他只顾着幸福了,他竟然没发现他们已经被皮逻阁王的鹰影部队给包围了!
唉,出门就受阻,真是倒霉啊。
正文 第199章 父子翻脸骨肉相残
皮逻阁王怒发冲冠,满脸疲惫,看样子已是很久没有安然入睡了,王冠上竟然露出了缕缕白发!让切岩看得心疼,真想对父王说声对不起。
可切岩却把牙一咬,朗声道:“父王,怒儿臣不孝,儿臣不能随父王回王宫,儿臣要和凰儿同去南赡国,儿臣就此拜别了。”他说着一抱拳,就要调转马头择路走。
皮逻阁王顿时被气得头上青筋直暴。
皮逻阁王用手中的马鞭指着切岩,怒喝道:“逆子,那闰乌凰虽然不是兽魔,但她也是妖妃苏妲己,是苏妲己的灵魂的在世肉身,是亡国祸水!孤岂能容她和你在一起?更别说要你陪她回去南赡国!鹰影们……”
“在。”
“与孤杀了闰乌凰,擒了亲王,我们这就回王宫。”
“是,大王。”
鹰影部队立刻握紧手中的青龙戟,齐刷刷指向切岩怀中的闰乌凰,眼看就要刺下去!
只见切岩“唰”一下,就抽出腰间的上古鸣鸿刀指向鹰影部队,一声怒吼,“谁敢!杀凰儿就是杀我切岩,就是谋杀储君!不怕本王用手中的这把神刀取尔性命的就过来!”
啊!
谋杀储君!谋杀储君!谋杀储君!
切岩的这一声吼,吼得鹰影部队的将士心中猛一抖,不由得就停住了他们的杀人手,谁也不敢再动作。要知道这弑君之罪可是要灭九族的!更何况亲王的手中还握有一把有刀魂的神刀呢?谁不怕啊?

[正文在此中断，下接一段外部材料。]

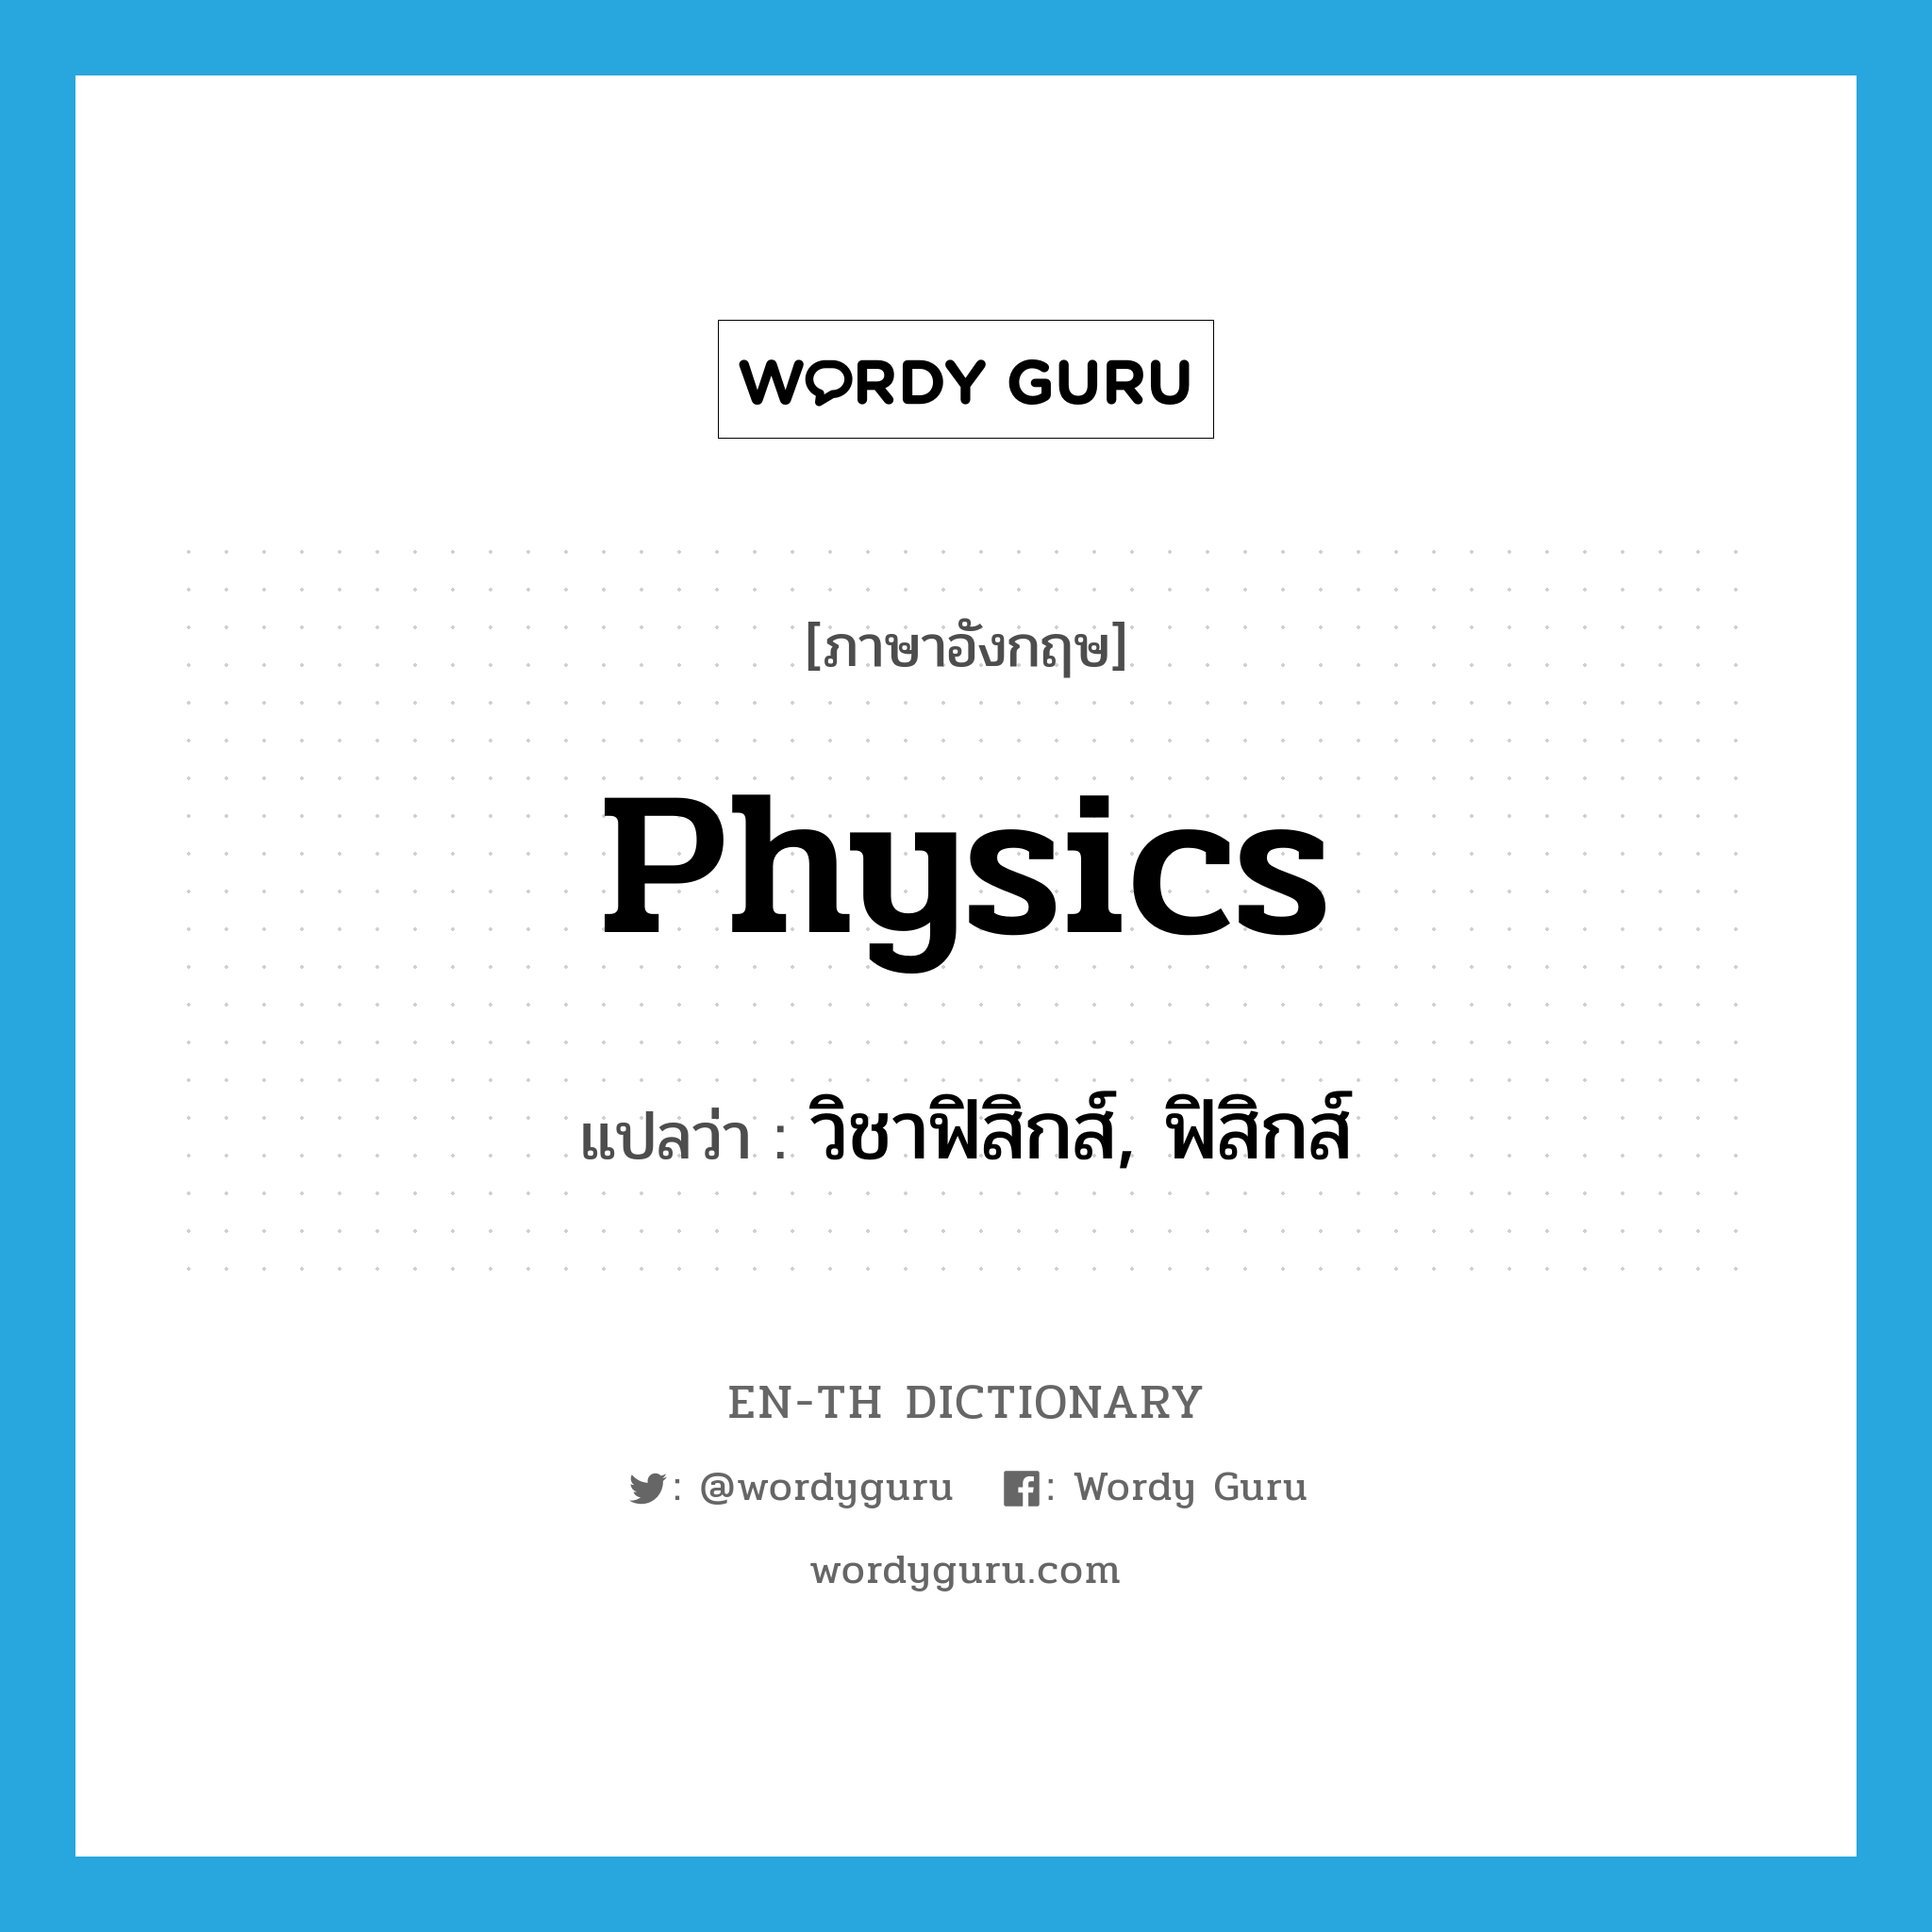 physics แปลว่า?, คำศัพท์ภาษาอังกฤษ physics แปลว่า วิชาฟิสิกส์, ฟิสิกส์ ประเภท N หมวด N

切岩用吼声震住了鹰影部队后,他就将闰乌凰紧紧地搂在怀中,大声地对皮逻阁王说道:“父王,儿臣已和凰儿结为了夫妻,这辈子生死不分离!求父王不要杀儿妻,杀儿妻就是杀儿臣,请父王三思啊!”
皮逻阁王闻言就气得双目直喷火,就咬牙切齿地对切岩暴怒喝道:“逆子!说什么你和她结为了夫妻?说什么生死不分离?孤不同意,你的婚事就不算!而这闰乌凰就是在世的苏妲己,是来亡我南诏的!若不然,你这个储君怎会对她痴迷到如此的地步呢?鹰影们!”
“在!”
皮逻阁王拔出紫金锏握在手中,高声喝道:“不要手软,与孤一起去杀闰乌凰,孤就不信这逆子敢来和孤动手啊?”然后他就打马朝着闰乌凰冲了过来。
“父王!”
切岩看到皮逻阁王是铁了心要杀闰乌凰,他突然就从衣兜中掏出一物拿在手中,对皮逻阁王高声道:“父王请看,儿臣手中拿着的可是我皇家的秘制毒药百日倒,而它的解药儿臣早已命人全部送去了南赡国,儿臣现在就把它给吃下去!”他说着一仰脖——
他就吞下了手中的药。
然后他就对皮逻阁王厉声道:“若是父王不放儿臣前去南赡国,若是父王非要杀了儿臣的结发妻,那父王就等着百日后给儿臣收尸吧!”他话说着……
他的脸就变成了青紫色!
毋容置疑,他吞下肚去的就是皇家密制的毒药百日倒。
皮逻阁王一下子就怔在那里了。
皮逻阁王浑身颤抖着对他的总管道:“魏总管,孤的王儿他真的服了百日倒!你快去宫里拿解药,王儿他是孤的命,他不能死!他死了,孤的命就完了,南诏国就完了,一切全都完了呀!”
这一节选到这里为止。